I went back to #flatpak:matrix.org and asked around and barthalion helpedfully noted that apps using Electron usually didn't retain their debugging symbols.

I tried to build a local version of that under my own dbg branch, and then rebuilt my local dbg build of im.riot.Riot using that dbg branch of Electron2, but they were still missing.  Hmm.

Detour 2.1: successfully including debugging symbols from a base image

After some more reading, I found this very helpful blog post by Redhat's Stefan Hajnoczi, and a helpful digging deeper into Flatpak builder docs:

So I was finally able to test Element with libnotify debugging info by:

  1. Adding the following to my im.riot.Riot.yaml, telling it to actually use the Debug extension for org.electronjs.Electron2.BaseApp (using the flathub version, rather than my dbg build):
    base-extensions:
    app-id: im.riot.Riot
    branch: dbg
    base: org.electronjs.Electron2.BaseApp
    base-version: '23.08'
    base-extensions:
      - org.electronjs.Electron2.BaseApp.Debug
    runtime: org.freedesktop.Platform
    ...
  2. actually locally installing the Debug extension of my locally-built dbg build (thanks to Stefan Hajnoczi's blog post above!).  From my local git repo,
    [im.riot.Riot]$ flatpak install --user im.riot.Riot.Debug
    [im.riot.Riot]$ flatpak install --user --reinstall --assumeyes "$(pwd)/.flatpak-builder/cache" im.riot.Riot.Debug

Repeating earlier steps to run gdb and catch the crash, I got to:

...
[New Thread 0x7f61bff1b6c0 (LWP 184)]
(element-desktop:4): libnotify-WARNING **: 18:20:44.116: Running in confined mode, using Portal notifications.
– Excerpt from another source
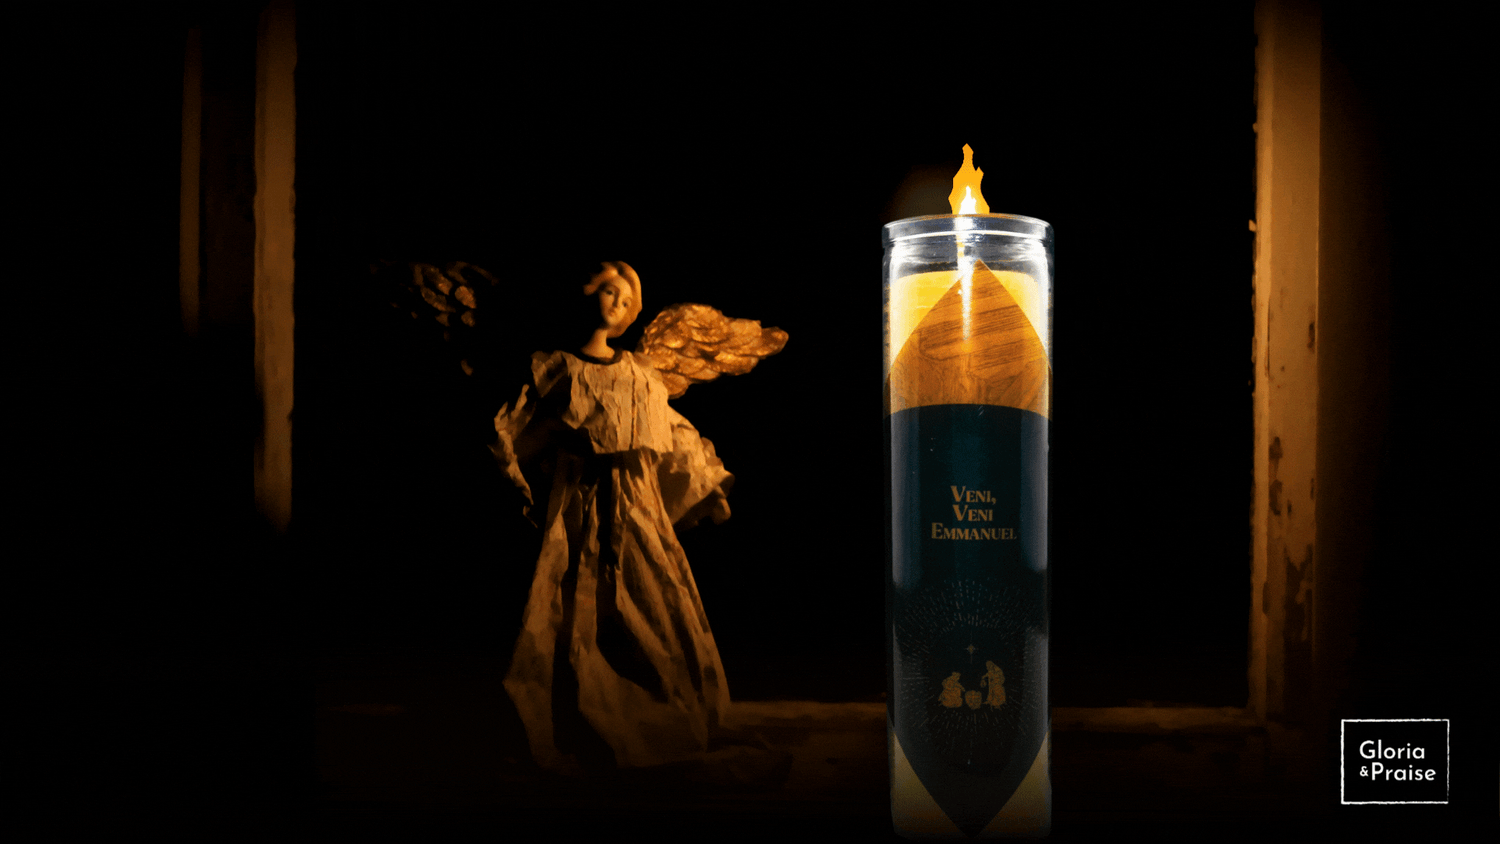 Tradition of the Christmas Eve Vigil Candle
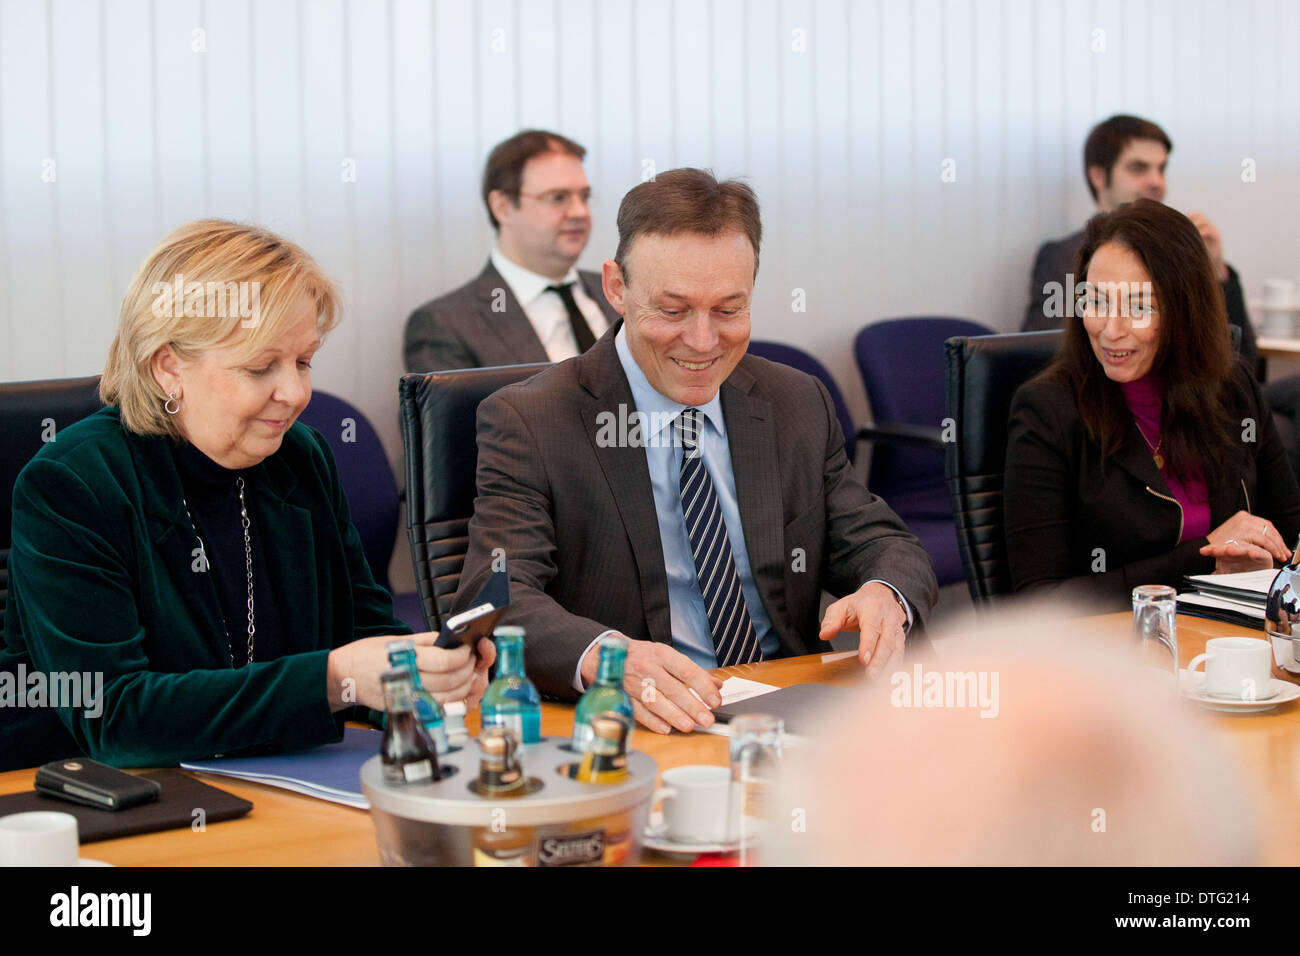 Berlin, Germany. 17th Feb, 2014. SPD party leadership meeting at Willy Brandt Haus in Berlin. / Picture: Hannelore Kraft (SPD), Minister-President of North Rhine Westphalia, and Thomas Oppermann (SPD), Lider of the SPD Parliamentary Group and Yasmin Fahimi (SPD), SPD General Secretary. Credit:  Reynaldo Paganelli/NurPhoto/ZUMAPRESS.com/Alamy Live News Stock Photo

Some features and hints won't be supported
Thread 1 "element-desktop" received signal SIGSEGV, Segmentation fault.
0x00007f61b33cb418 in close_notification (reason=NOTIFY_CLOSED_REASON_DISMISSED, notification=0x25d801795f20) at ../libnotify/notification.c:708
708            if (notification->priv->closed_reason != NOTIFY_CLOSED_REASON_UNSET ||
(gdb) bt
#0  0x00007f61b33cb418 in close_notification (reason=NOTIFY_CLOSED_REASON_DISMISSED, notification=0x25d801795f20) at ../libnotify/notification.c:708
#1  proxy_g_signal_cb (proxy=<optimized out>, sender_name=<optimized out>, signal_name=<optimized out>, parameters=0x25d8002ae990, notification=0x25d801795f20) at ../libnotify/notification.c:795
#2  0x00007f61c2f154ea in g_closure_invoke (closure=0x25d8002d1150, return_value=0x0, n_param_values=4, param_values=0x7ffc29493d70, invocation_hint=0x7ffc29493cf0) at ../gobject/gclosure.c:832
...

The notification wasn't valid by the time we got to close_notification.  Likely, it was unref'd prematurely, possibly by Electron.  From there, I spent some time reading source code, setting break points, etc.  However, I ultimately ran out of time before Maximiliano beat me to it!

3. Resolution

As you can see in the libnotify issue #34 previously noted above, Maximiliano (@msandova) was hard at work today on libnotify's fix-electron branch working on a fix.

 

I rebuilt Electron's BaseApp using a gitlab-generated .tar.gz from the fix-electron branch, and rebuilt Element atop that, and that resolved the problem!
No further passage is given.